Tuesday 18 December 2012

232: Fit For Murder



When he was abducted he was weak, pale, scrawny, with more gristle than muscle.  They had lifted him from the street, sat right there with his hand out on the pavement, ignored by most with just a few coins to show for it.  They crumpled five pounds into his hand and led him away.

It was the first proper bed he slept in since he left home.  The stinky cots in the Sally Army hall didn’t count as a proper bed, even if they were a hundred times better than a damp cardboard box in a lane.  Proper beds had a mattress and pillows and sheets and one of those duvets.  There was one on his bed the day he left, speckled with his own blood.  By then there usually weren’t any blood speckles, but that last time had been particularly vicious.

He mostly ate scraps he found in bins, sometimes soup and a sandwich if the van came round.  His stomach took days to accept ordinary food without making him vomit or sending brown streaks down his legs.  But they provided hot baths, clean clothes and small portions until his body acclimatized again.  Everything tasted like the first time.

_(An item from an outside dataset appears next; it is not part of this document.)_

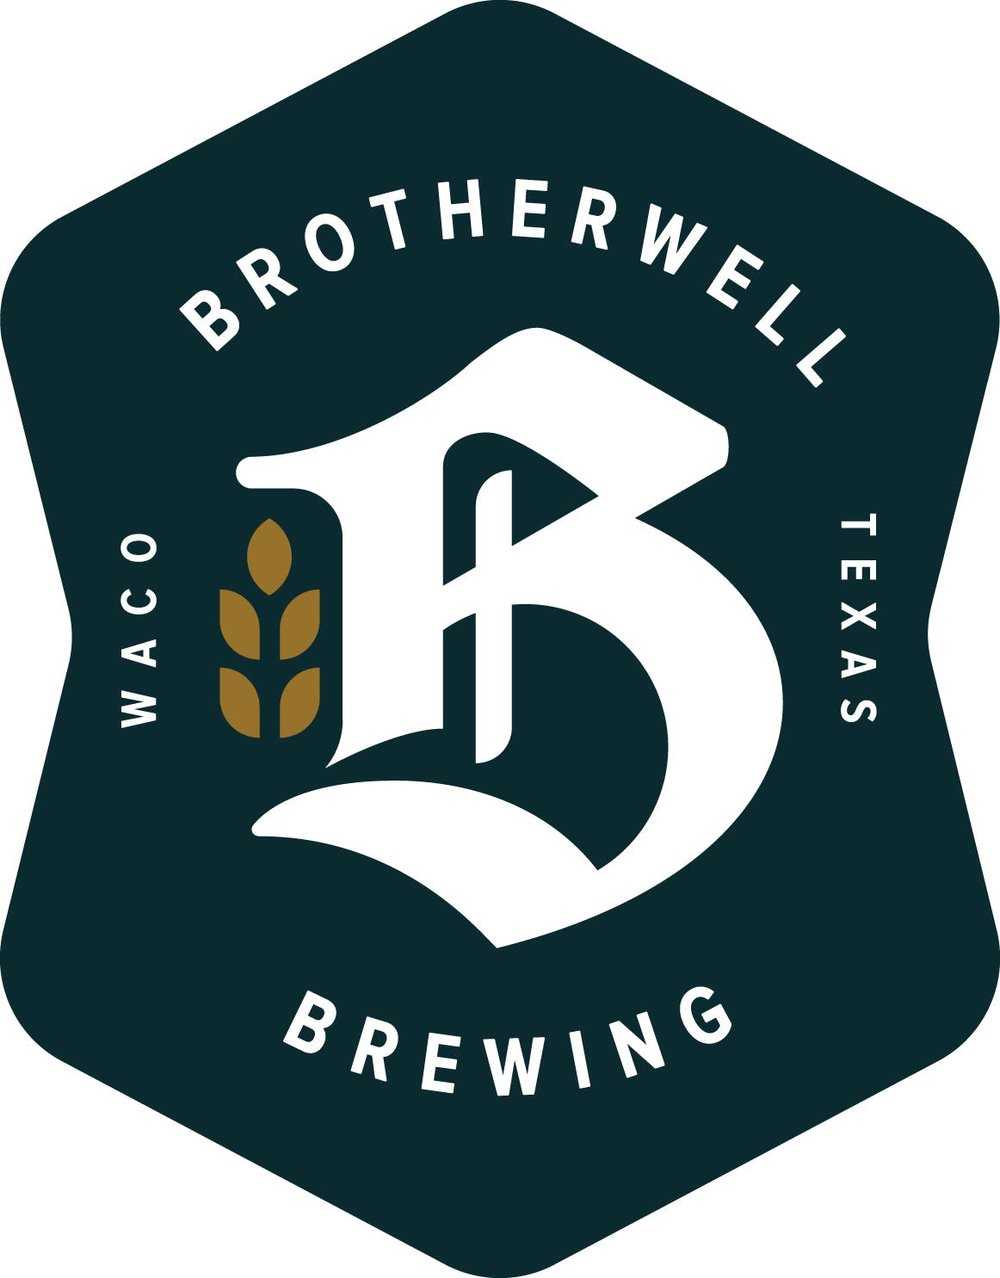 brotherwell small.jpg

In a few weeks he began to enjoy sitting outside with the sun on his face.  He never wanted to sit once it got darker and was shy of the rain and wind in his hair.  He watched water hit the windows like it was aversion therapy.  Rain isn’t wet from indoors.

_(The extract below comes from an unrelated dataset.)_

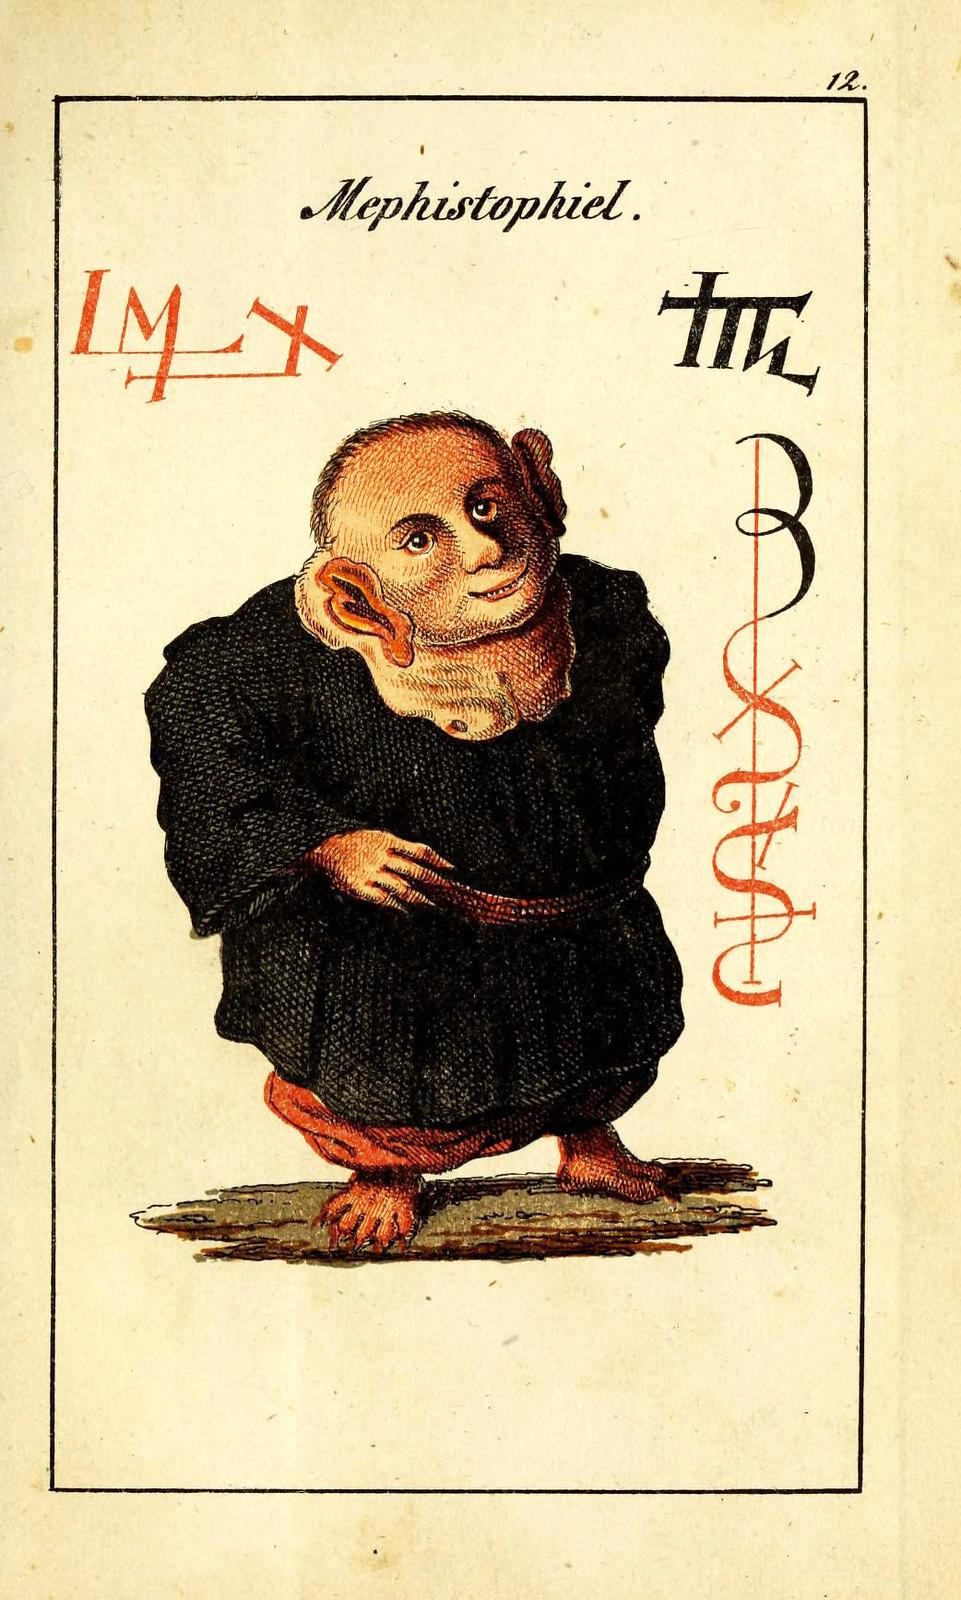 Johann Scheible - Doktor Johannes Faust's Magia naturalis et innaturalis, 1849 (16)

He never talked about it and they never asked, but they knew.  They knew because they had been him and in time, he would become them.  They helped him learn acceptance of what had been and what must come to follow.

When he was strong, both in mind and body, when he was fully equipped and when he no longer looked like he did then, they took him back home.  They waited while he did it then they took him back.

And they provided a hot bath and clean clothes so he could wash off the speckles of blood where he had been particularly vicious.